Clients often come to me frustrated from everything they’ve tried and exhausted by the lack of results. They also believe it requires too much energy and effort to do ALL.THE.THINGS to lose weight, be healthy and oh yes, fit in your life too.
In today’s episode, I reveal and discuss a cultural myth that keeps you working hard not smart, the opportunity you have when you realize not all efforts are equal and the trick to sticking with healthy living and your weight loss path.
THE MERITOCRACY MYTH
Meritocracy is the idea that success can be achieved based on ability and talent. In other words, we’re all equal and it’s hard work and opportunity that enables us to prove ourselves, regardless of race, class or creed.
The more left you lean, the less you see America as a true meritocracy.
Donald Trump, as president, is shocking to me and most of the world. There’s a layer of complexity here that I can’t get into right now.
However, the Donald’s election was in large part due to being born into extreme wealth and capitalizing on that. He equated his ability to own things with his merit for the Presidency.
WHERE MERITOCRACY HIDES IN HEALTH BELIEFS
There can be an incredible upside to questioning this meritocracy related to our health, healing and weight loss efforts.
One way the American idea of meritocracy shows up is in traditional weight loss conversations. All bodies are “equal”, or physiologically and emotionally the same at any given time (preposterous yet unchallenged in mainstream conversations).
There’s a belief that if you’re overweight, it is your fault for not trying hard enough. That if you work hard (at counting calories), stay disciplined (around tempting foods) and focused (at the gym), and “follow the rules” (eat less, move more), you will succeed (weight loss!).
This follows along the same conditioned thought that says if you work hard, keep a positive attitude, and never give up, you will succeed. You will achieve the American Dream.
The reality is success, in terms of wealth, isn’t achieved through merit. Income is what you earn. Wealth is how much you own.
This is all about ownership. The majority of ownership is by a few families and corporations, a wealthy oligarchy. This is inherited, not earned through merit. Of course, there’s always exceptions to the rule, which keeps the illusion going.
Back to questioning meritocracy related to our health, culturally we equate being “good” as making choices which leads to being thin. This implies thin people are healthy and work hard for their figures. Both assumptions are often untrue.
Side note: just like many people don’t learn the invisible social systems that negate meritocracy, these health premises negate the invisible environmental threats like polluted air, water and soil or emotional threats like trauma, isolation and lack of support for working families, that influence health outcomes.

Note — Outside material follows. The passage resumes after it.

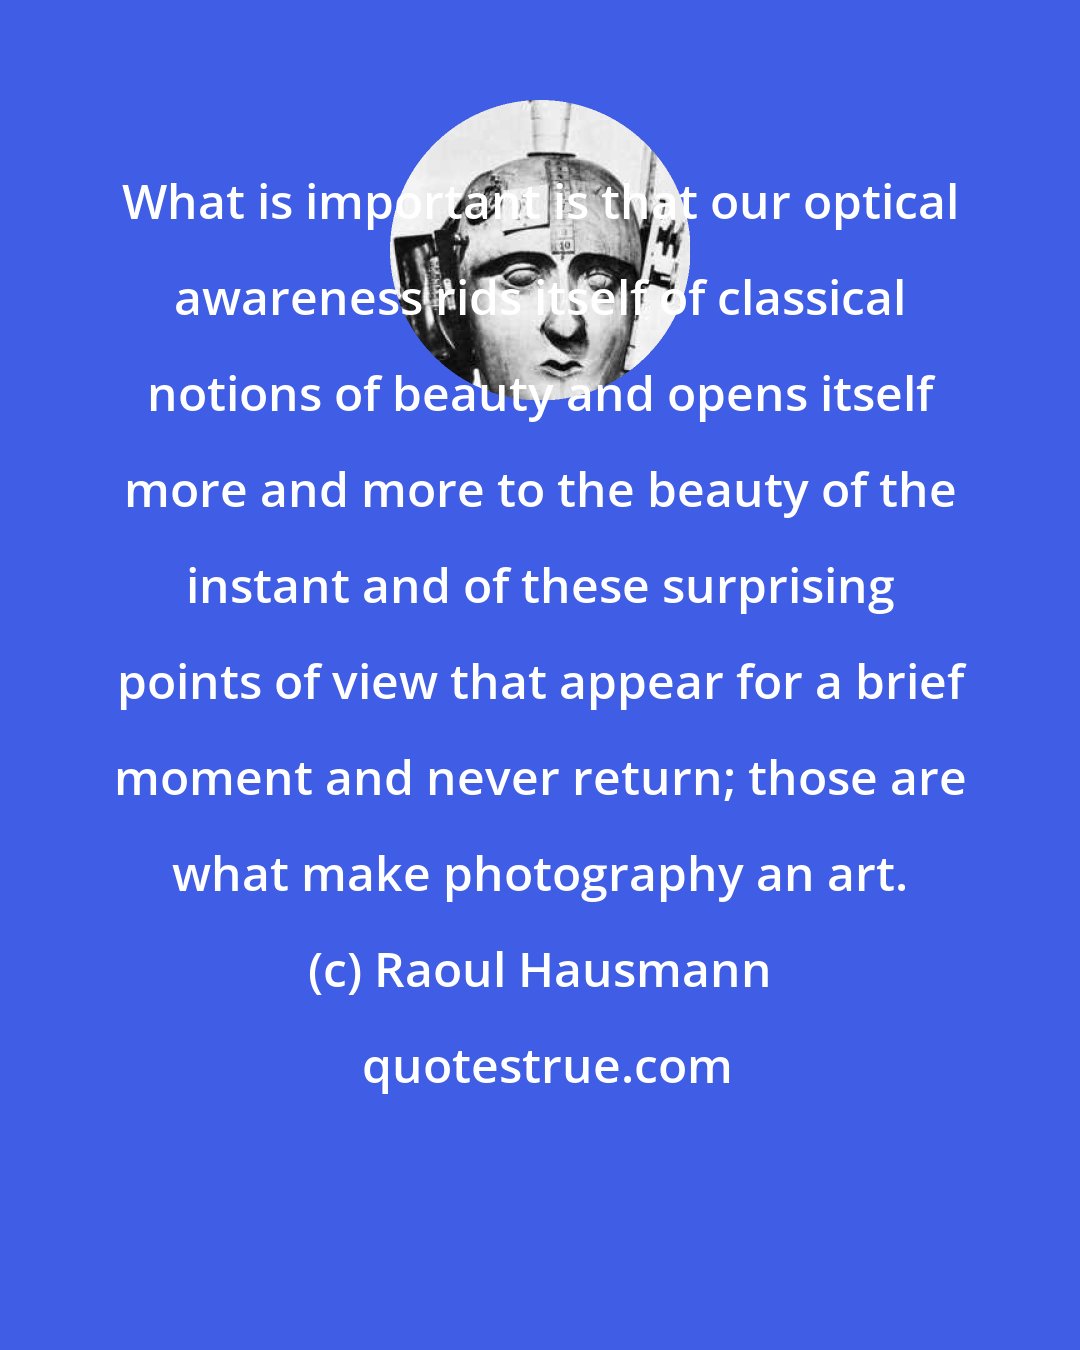 Raoul Hausmann: What is important is that our optical awareness rids itself of classical notions of beauty and opens itself more and more to the beauty of the instant and of these surprising points of view that appear for a brief moment and never return; those are what make photography an art.

While there’s considerable truth to having to take responsibility for our health, it doesn’t involve the meritocracy idea that discipline and following the “eat less, move more” rules you’ve been taught will lead to successful goals.
In reality, these ideas couldn’t be further from the truth. Most of my clients have tried everything under the sun under the meritocracy premise. They work hard at learning about nutrition and getting to the gym while juggling the rest of their over-worked lives.
Yet their efforts are based on an idea that was never true.
In this episode, I share a more true perspective and approach to take to any health goal based on how the body actually works, not what you’ve been sold.